Portada de la primera edición catalana del Manifiesto Comunista, 1930; traducción de la versión francesa de Emili Granier i Barrera Estábamos en los prólogos de Marx y Engels a las ediciones del Manifiesto comunista (MC). Salvo error por mi parte, siete en total. Los dos primeros, los de la edición alemana de 1872 y el […]
Portada de la primera edición catalana del Manifiesto Comunista, 1930; traducción de la versión francesa de Emili Granier i Barrera
Estábamos en los prólogos de Marx y Engels a las ediciones del Manifiesto comunista (MC). Salvo error por mi parte, siete en total. Los dos primeros, los de la edición alemana de 1872 y el de la rusa de 1882, fueron escritos por Marx y Engels; los cinco restantes (los de la edición alemana de 1883, la inglesa de 1888, la alemana de 1890, la polaca de 1892 y la italiana de 1893) solo por Engels (FE). Dimos cuenta en la nota anterior los tres primeros escritos. Veamos ahora el prólogo a la edición inglesa de 1888, uno de los más extensos [1]. Fechado en Londres, el 30 de enero de 1888.

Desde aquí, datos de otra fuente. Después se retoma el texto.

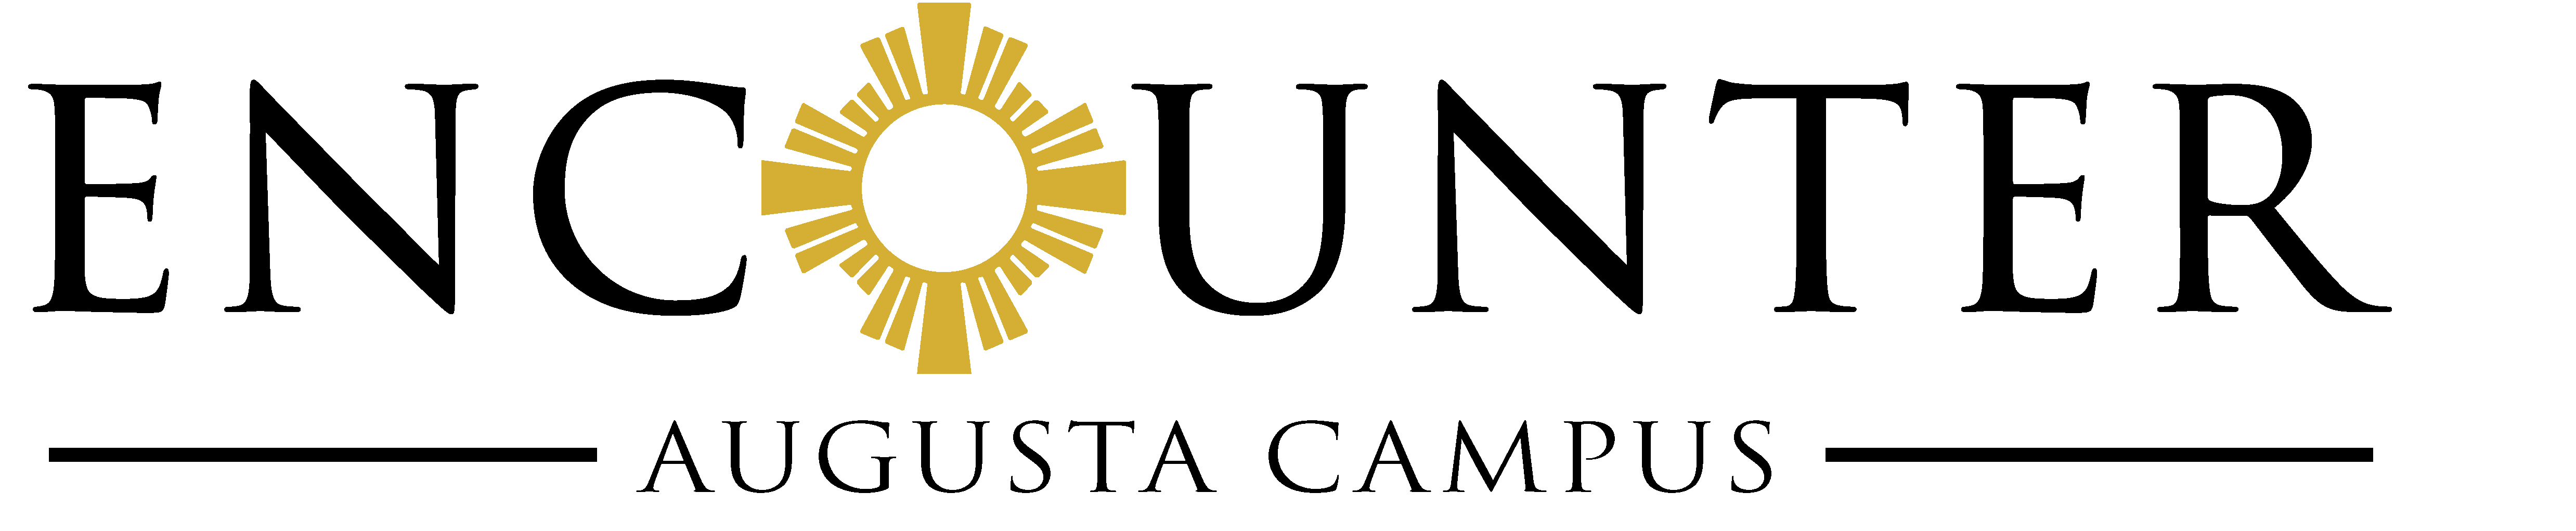 Encounter School of Ministry Augusta logo

El MC fue publicado como programa de la «Liga de los Comunistas», señala FE, «una asociación de trabajadores, al principio exclusivamente alemana y más tarde internacional, que, dadas las condiciones políticas existentes antes de 1848 en el continente europeo, se veía obligada a permanecer en la clandestinidad». Como recordamos, en el congreso de la Liga, celebrado en Londres en noviembre de 1847, se encomendó a Marx y Engels que preparasen para la publicación un programa detallado del Partido, teórico y práctico a la vez. «En enero de 1848, el manuscrito, en alemán, fue terminado y, unas semanas antes de la revolución del 24 de febrero en Francia, enviado al editor, a Londres. La traducción francesa apareció en París poco antes de la insurrección de junio de 1848. En 1850 la revista Red Republican, editada por George Julian Harney, publicó en Londres la primera traducción inglesa, debida a la pluma de Miss Helen Macfarlane». Hemos hablado de ello. El MC, recuerda FE, había sido impreso también en danés y en polaco.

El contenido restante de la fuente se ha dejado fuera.